Noch deutlicher wird dieses Prinzip bei Soft on the Inside. Der Name verrät ausnahmsweise ziemlich genau, worum es geht. Die Denim-Qualität wird für Frauen und Männer angeboten und besitzt eine weich angeraute Innenseite. Außen bleibt der vertraute Jeans-Look erhalten, innen wird es wärmer und weicher. Das könnte eine der pragmatischsten Denim-Ideen der Saison sein. Denn Mode beschäftigt sich gerne ausführlich damit, wie Kleidung aussieht, während die Frage, wie sie sich an einem kalten Novembermorgen anfühlt, erstaunlich selten für große Begeisterung sorgt. Dabei entscheidet genau das häufig darüber, welches Stück tatsächlich getragen wird. Eine Jeans, die nur auf dem Bügel überzeugt, hat letztlich ein logistisches Problem.

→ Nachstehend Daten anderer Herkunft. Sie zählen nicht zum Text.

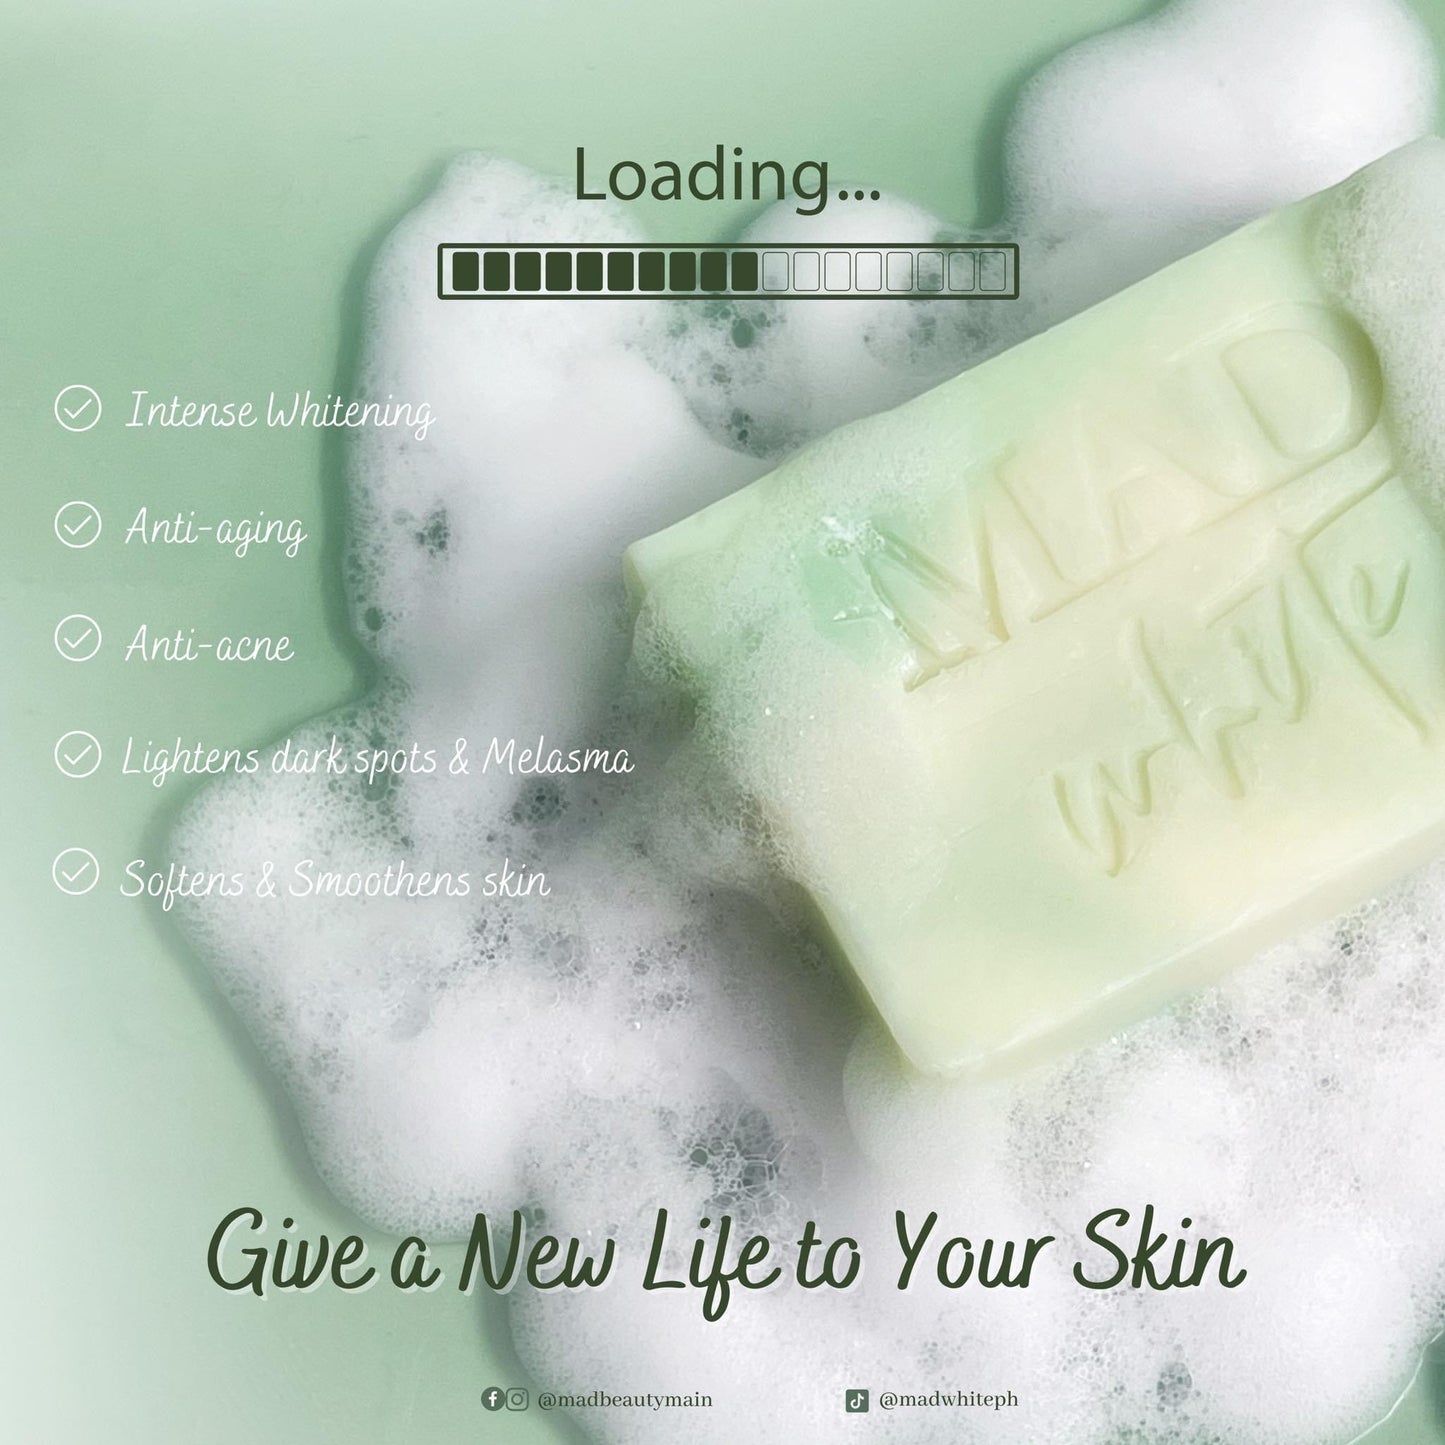 Mad White Intense Whitening Soap (PREORDER) - Astrid & Rose

Für Mustang ist diese Konzentration auf Denim zugleich eine Rückkehr zum eigenen Kern. Die Unternehmensgeschichte reicht bis 1932 zurück. Aus einem Familienbetrieb für Arbeitskleidung entwickelte sich die Marke zu einem der frühen europäischen Denim-Spezialisten; heute sitzt die Mustang GmbH in Schwäbisch Hall-Hessental. 2022 wurde die Markenidentität strategisch überarbeitet und mit dem German Brand Award unter anderem als „Brand Revival of the Year“ ausgezeichnet. Interessanter als die Historie ist jedoch, was eine solche Denim-Marke heute daraus macht. Denn Jeans befinden sich in einer merkwürdigen Position: Sie sind modisch und gleichzeitig weitgehend immun gegen Mode. Waschungen wechseln, Bundhöhen wandern, Beine werden enger, weiter, länger und kürzer – das Grundprodukt bleibt bestehen. Kaum ein anderes Kleidungsstück erlaubt so viele Veränderungen, ohne seine Identität zu verlieren.





Die Fall/Winter-Kollektion 2026 nutzt genau diesen Spielraum. Kleo verändert die Silhouette, Stay Indigo beschäftigt sich mit Farbe, die Vegas Family mit Beweglichkeit, Thermolite mit Temperatur und Soft on the Inside mit dem Gefühl auf der Haut. Candiani und Selvedge erinnern gleichzeitig daran, dass Fortschritt bei Denim nicht bedeuten muss, seine Vergangenheit loszuwerden.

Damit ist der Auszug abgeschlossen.